Morris v. State Farm Mutual Automobile Insurance

239 S.E.2d 187 | Ga. Ct. App. | 1977

143 Ga. App. 617 (1977)
239 S.E.2d 187

MORRIS
v.
STATE FARM MUTUAL AUTOMOBILE INSURANCE COMPANY.

54164.

Court of Appeals of Georgia.

Argued June 27, 1977.
Decided October 3, 1977.
Rehearing Denied October 21, 1977.

Matthew J. Blender, for appellant.

Powell, Goldstein, Frazer & Murphy, Eugene G. Partain, Morris Weinberg, Jr., for appellee.

SMITH, Judge.

Following an accident involving the appellant Morris, State Farm, Morris' insurer, brought this action seeking a declaratory order of nonliability under the policy. The trial court granted summary judgment for State Farm, holding the policy void because of appellant's breach of a declaration of the policy, because of material misrepresentations in the application for the policy, and because of the appellant's failure to comply with the notice provisions regarding newly acquired vehicles. The appeal objects to each reason for the holding, but we affirm.

1. The undisputed evidence showed the policy in question, issued on March 14, 1975, contained a declaration by the insured that "no license to drive or registration has been suspended, revoked, or refused for the named insured... within the past three years." It further appeared without dispute that on March 27, 1972, the appellant had had his license to drive suspended for a six month period for driving under the influence. The policy contained the statement, "By acceptance of this policy the named insured agrees that the statements in the declarations are his agreements and representations [and] that this policy is issued in reliance upon the truth of such representations ..." This provision closely tracks the language of Code Ann. § 56-2409 (3), where a misrepresentation in an application for insurance may operate to preclude recovery under the policy if "[t]he insurer in good faith would ... not have issued the policy *618 or contract... if the true facts had been known to the insurer." The sum of the undisputed evidence, then, is that the policy was issued less than three years following suspension of the appellant's license, that the appellant did not disclose this fact, and that the insurer would not have issued the policy had he disclosed it. This amounts to a valid reason, both under the policy and under the Code, for precluding recovery, so the trial court correctly granted summary judgment in State Farm's behalf.

We are not persuaded by the appellant's contention that there was no misrepresentation. He argues first that the above-quoted language of the declaration is ambiguous and must be construed against the insurer to mean that the commencement date of the suspension was not within the last three years, and second that the issue date of the policy was not March 14, 1975, but was really the date the original policy was amended at the appellant's request, May 13, 1975. Taking these two together, the issue date of the policy is greater than three years following that date on which the appellant's license was suspended.

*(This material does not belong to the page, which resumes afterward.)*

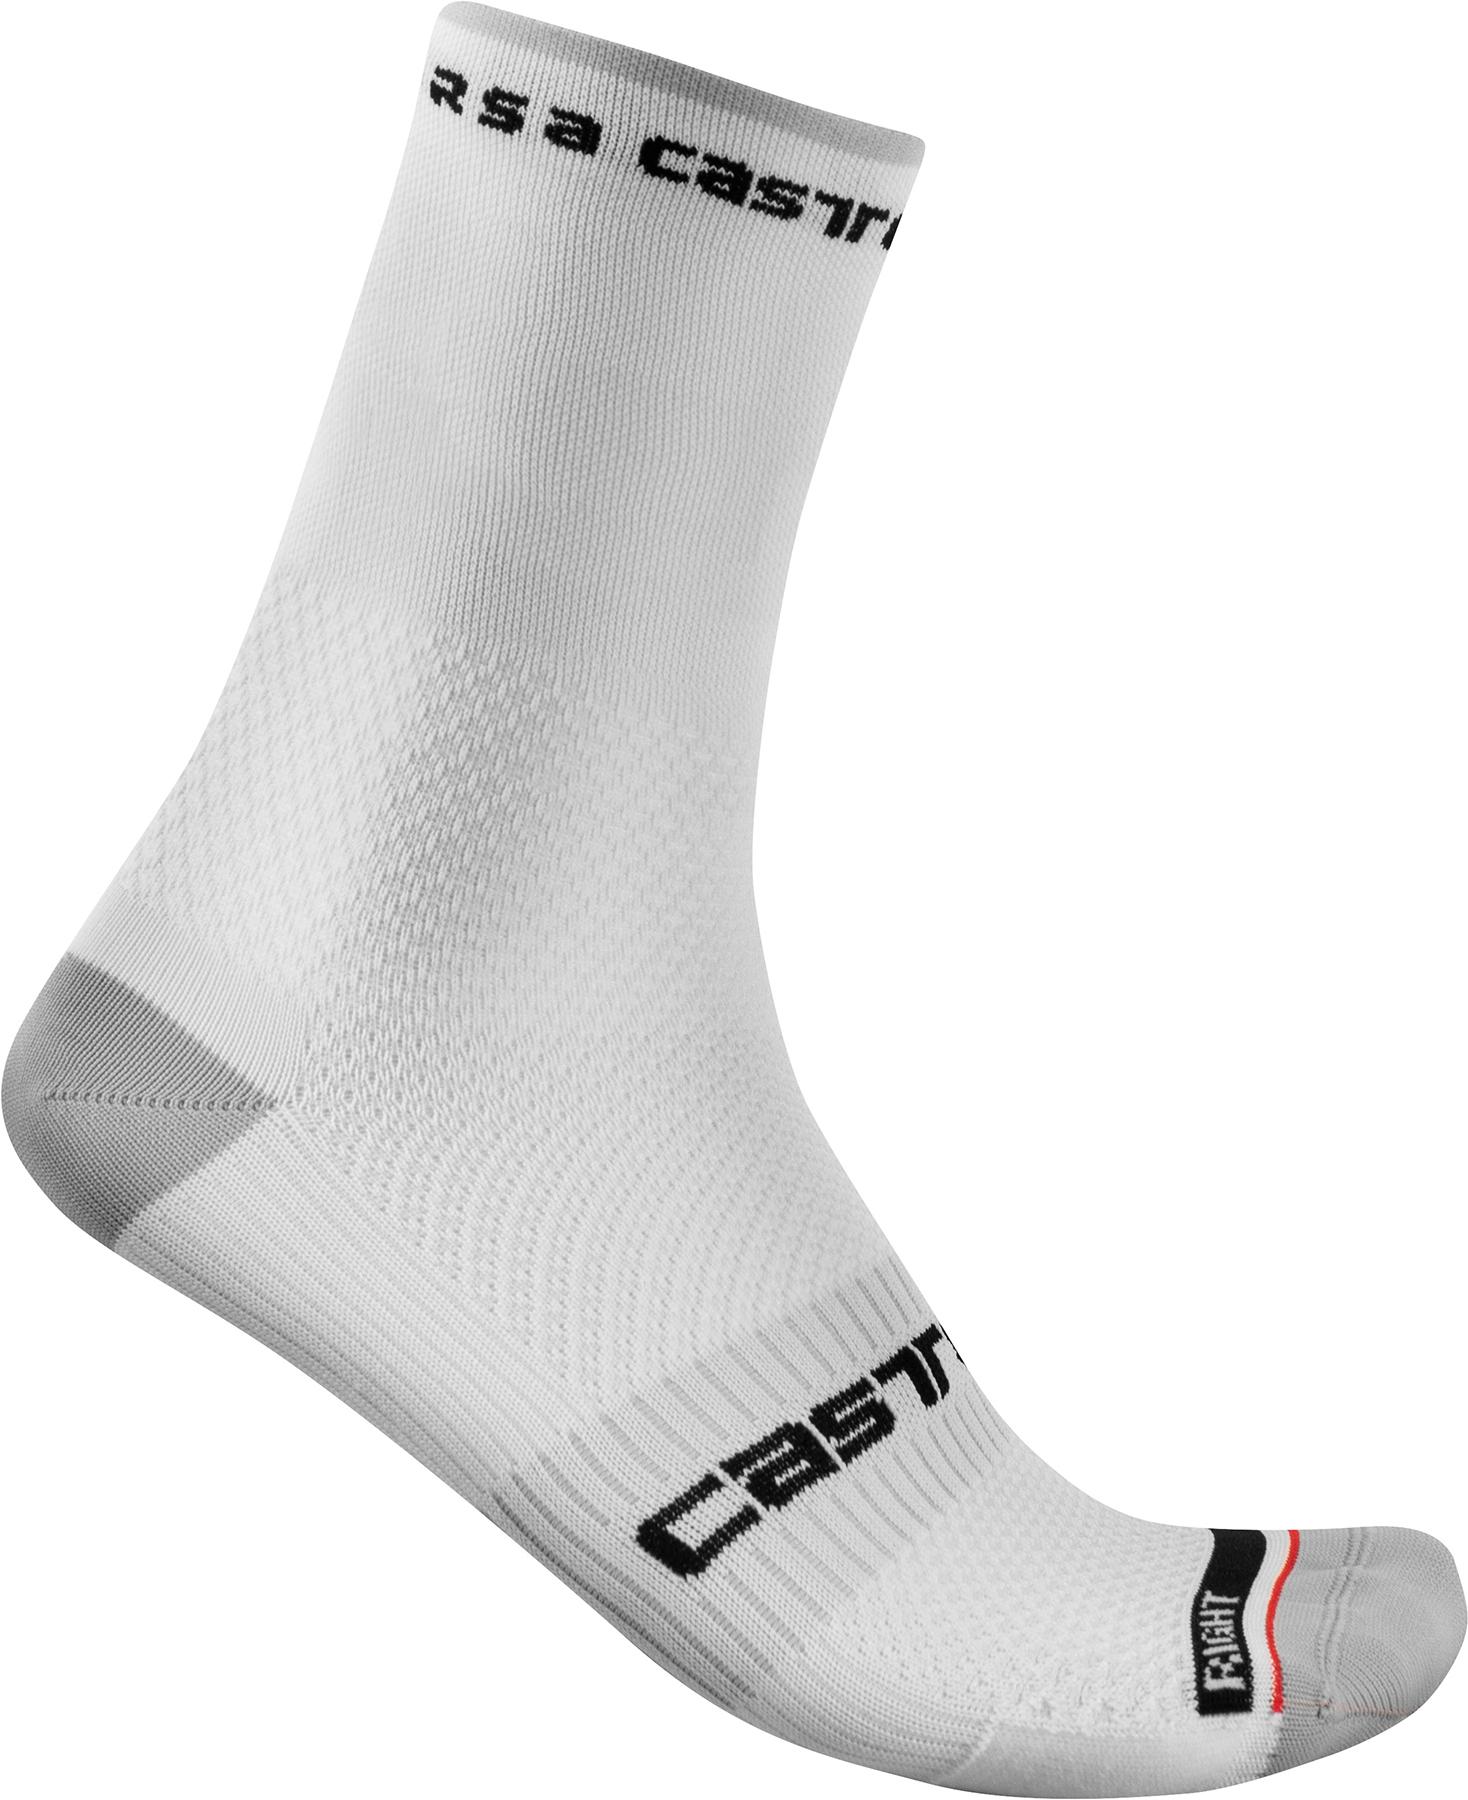 Castelli Rosso Corsa Pro 15 Cycling Socks - White
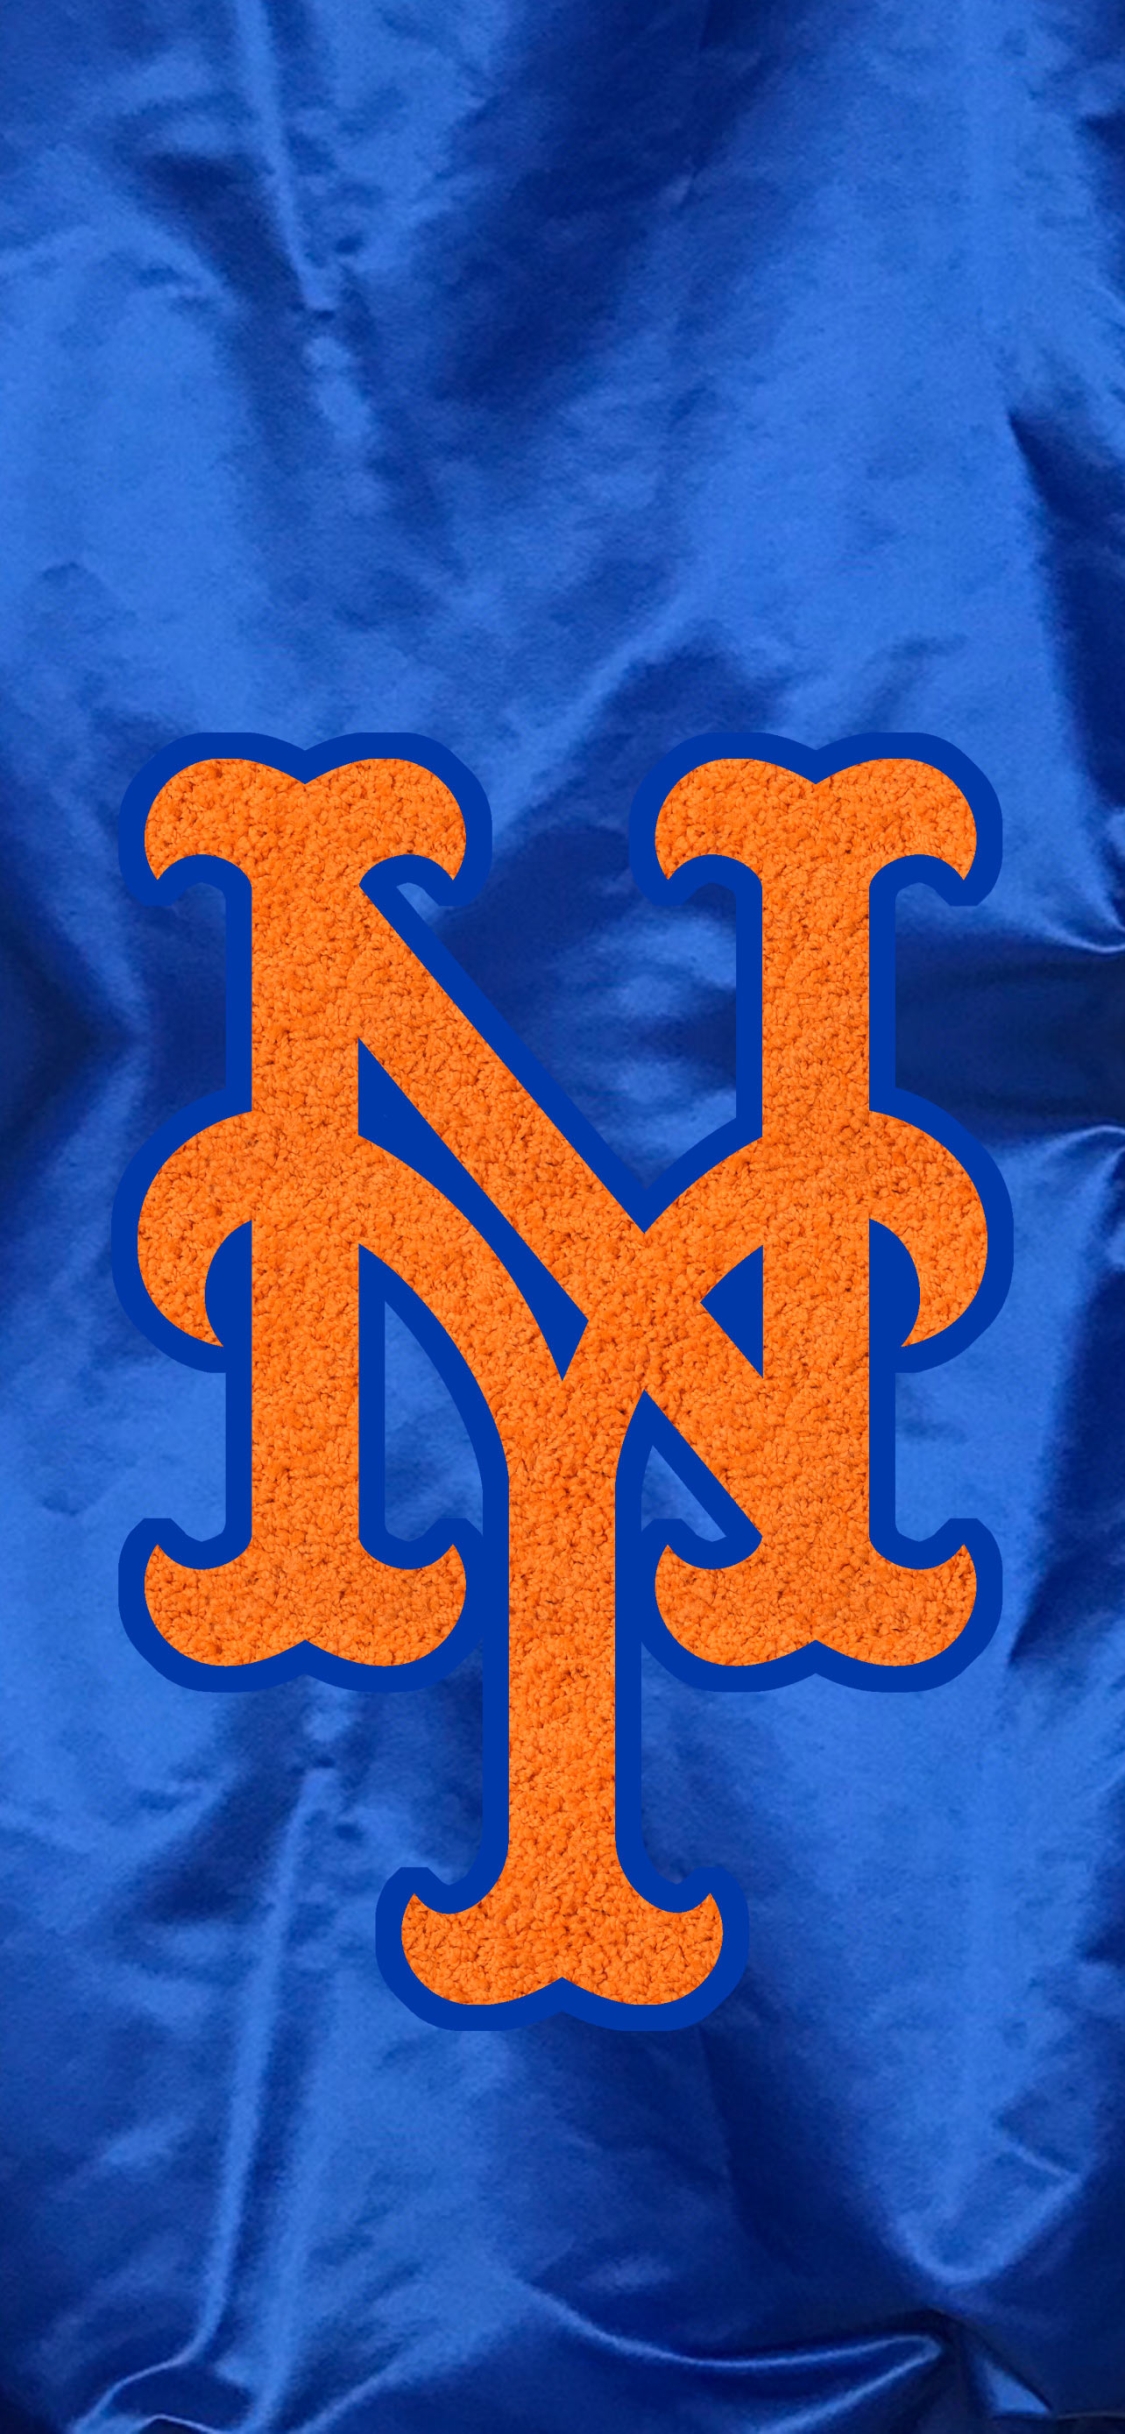 NEW YORK METS baseball mlb 3 wallpaper  3161x2635  232313  WallpaperUP

We go no further than to note that the record shows the policy amendment was just that — an amendment — and was not a novation or reissue which would alter the issue date of the policy; thus, this issue date is within three years of the date of suspension.

2. It follows from our discussion above that the summary judgment was proper; therefore we need not rule on the two additional grounds stated in the court's order.

Judgment affirmed. Bell, C. J., and Shulman, J., concur.